We know of no law of history, pace Pareto, that says that elites will forever dominate political institutions. Rather, decades of close inspection of the Progressive and Populist Movements, the era of 1968, and the progress of democracy in the west stress how the alliances of power are contingent upon event, institutions, movements, and moments. As we show in The History Manifesto, if historians in general haven't been talking to power, it's because of specific, contingent reasons having to do with the changing hierarchy of disciplines around 1968. Caught up with other political events, historians, sociologists, and anthropologists turned to labor politics, feminism, and postcoloniality, often choosing the leading edge of global policy over the failing international institutions like the United Nations whom they had served to date.
Let it not be thought that because historians largely agree about the costs of the Vietnam war and generally shake their heads about Iraq, that we are naive about the geopolitics of protecting energy and creating national stability.
Historians are no strangers to issues of energy security; as Tim Mitchell's work demonstrates, we know only too well how protection of supply chains has overdetermined political action for generations.
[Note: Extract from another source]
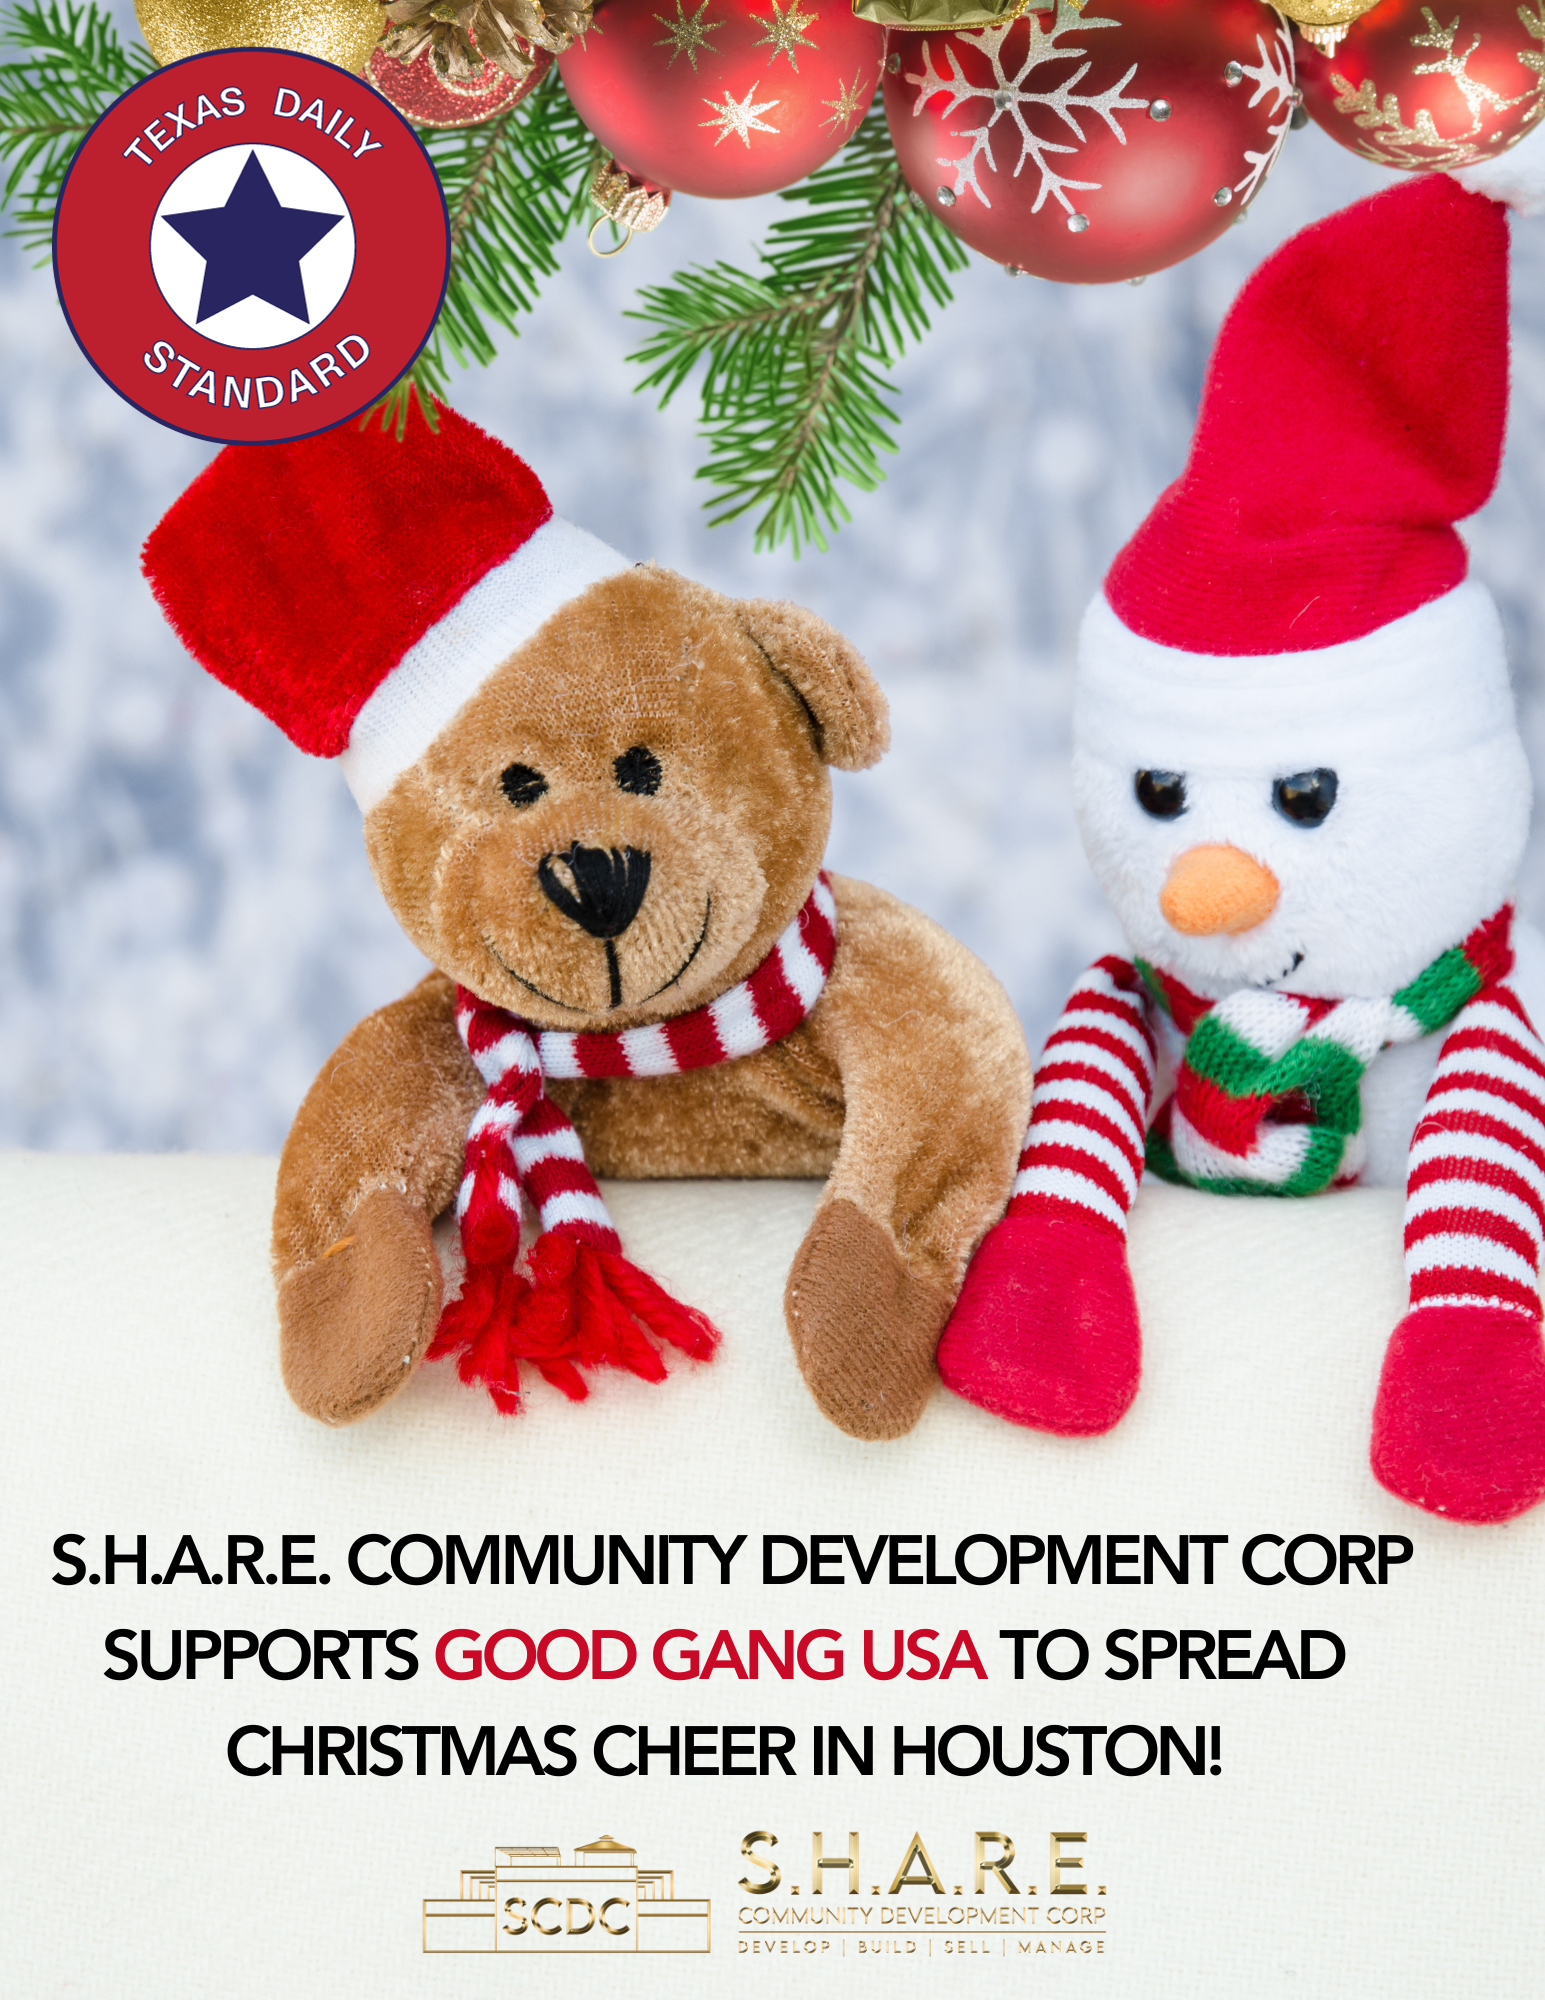 S.H.A.R.E. Community Development Corp Supports Good Gang USA to Spread Christmas Cheer in Houston

We know that pattern of protecting national hegemony and shorting investment in alternative energy well enough to hunger for something new in the policy landscape. As Paul Sabin of Yale might suggest, we know how long it takes to build up the alternatives to coal and oil, and the importance of institutions -- from the EPA to Interstate Highway to the the Los Angeles automotive lobby and the Texas Railway Commission -- in influencing new policy. For a policy-maker in favor of radical new possibilities or investment in altnerative energy pathways, historians like Sabin could be enviable allies in brainstorming the best allies to pursue in making a new constituency.
In The History Manifesto, we insist that a policy governed by history opens up utopian possibilities (peace in the Middle East, for instance?) but offering not static laws of society, but rather multiple possible futures predicated on the different forms of agency realized in many different pasts. "Iraq would have looked different had historians been involved" is a bold claim, but indeed, historians have been wondering for some time about how mistakes of the scale of slavery, empire, and torture are allowed to happen, and how they could be prevented. We now know for certain, thanks to the work of Tim Hitchcock and Simon Dedeo, that the decline in violence in nineteenth-century Britain, long speculated about, is a reality. Might not a global decline in violence be a real possibility in the future, if history were adequately applied to geopolitics as a raw stop to hawkishness?